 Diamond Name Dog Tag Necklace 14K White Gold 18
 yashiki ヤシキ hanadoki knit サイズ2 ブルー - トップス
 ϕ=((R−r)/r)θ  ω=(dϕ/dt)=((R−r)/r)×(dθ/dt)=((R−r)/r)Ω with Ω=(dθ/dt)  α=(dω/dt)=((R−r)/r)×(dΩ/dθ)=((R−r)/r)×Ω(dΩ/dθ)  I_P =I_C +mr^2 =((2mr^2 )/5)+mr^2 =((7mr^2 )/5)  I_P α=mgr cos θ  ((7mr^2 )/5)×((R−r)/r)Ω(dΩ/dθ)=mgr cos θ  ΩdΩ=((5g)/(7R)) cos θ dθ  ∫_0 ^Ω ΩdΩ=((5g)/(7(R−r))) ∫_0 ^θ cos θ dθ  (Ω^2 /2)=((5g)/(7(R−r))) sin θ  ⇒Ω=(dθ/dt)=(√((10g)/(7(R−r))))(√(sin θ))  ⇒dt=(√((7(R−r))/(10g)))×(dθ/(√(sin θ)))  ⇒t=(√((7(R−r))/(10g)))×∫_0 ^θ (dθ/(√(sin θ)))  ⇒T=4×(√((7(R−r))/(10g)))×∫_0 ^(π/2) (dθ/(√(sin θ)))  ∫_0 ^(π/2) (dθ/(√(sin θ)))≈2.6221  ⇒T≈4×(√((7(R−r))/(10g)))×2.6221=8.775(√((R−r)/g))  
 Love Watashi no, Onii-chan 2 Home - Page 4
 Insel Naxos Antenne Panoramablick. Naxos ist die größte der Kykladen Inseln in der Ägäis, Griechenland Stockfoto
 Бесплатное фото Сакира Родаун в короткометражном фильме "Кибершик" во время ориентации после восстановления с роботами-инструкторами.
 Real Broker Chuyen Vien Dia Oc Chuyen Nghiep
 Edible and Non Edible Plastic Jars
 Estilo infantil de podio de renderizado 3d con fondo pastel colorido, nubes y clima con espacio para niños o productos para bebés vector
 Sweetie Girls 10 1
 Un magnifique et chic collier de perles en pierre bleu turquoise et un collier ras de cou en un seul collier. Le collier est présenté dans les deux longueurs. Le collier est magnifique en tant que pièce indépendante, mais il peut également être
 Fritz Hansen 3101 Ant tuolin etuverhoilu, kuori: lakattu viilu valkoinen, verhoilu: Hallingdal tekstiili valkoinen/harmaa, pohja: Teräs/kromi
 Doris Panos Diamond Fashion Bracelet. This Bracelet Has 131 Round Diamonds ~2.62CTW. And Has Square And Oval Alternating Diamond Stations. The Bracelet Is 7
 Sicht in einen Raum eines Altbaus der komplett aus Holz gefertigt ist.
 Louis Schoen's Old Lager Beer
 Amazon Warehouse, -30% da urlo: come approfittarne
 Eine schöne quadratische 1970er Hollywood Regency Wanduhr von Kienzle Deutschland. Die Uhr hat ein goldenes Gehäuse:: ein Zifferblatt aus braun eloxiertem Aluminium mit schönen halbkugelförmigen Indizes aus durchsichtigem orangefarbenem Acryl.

▸ Your objective:
When the entries above show the word "Diamond" in a line, copy that line out.

▸ Answer to this task:
 Diamond Name Dog Tag Necklace 14K White Gold 18
 Doris Panos Diamond Fashion Bracelet. This Bracelet Has 131 Round Diamonds ~2.62CTW. And Has Square And Oval Alternating Diamond Stations. The Bracelet Is 7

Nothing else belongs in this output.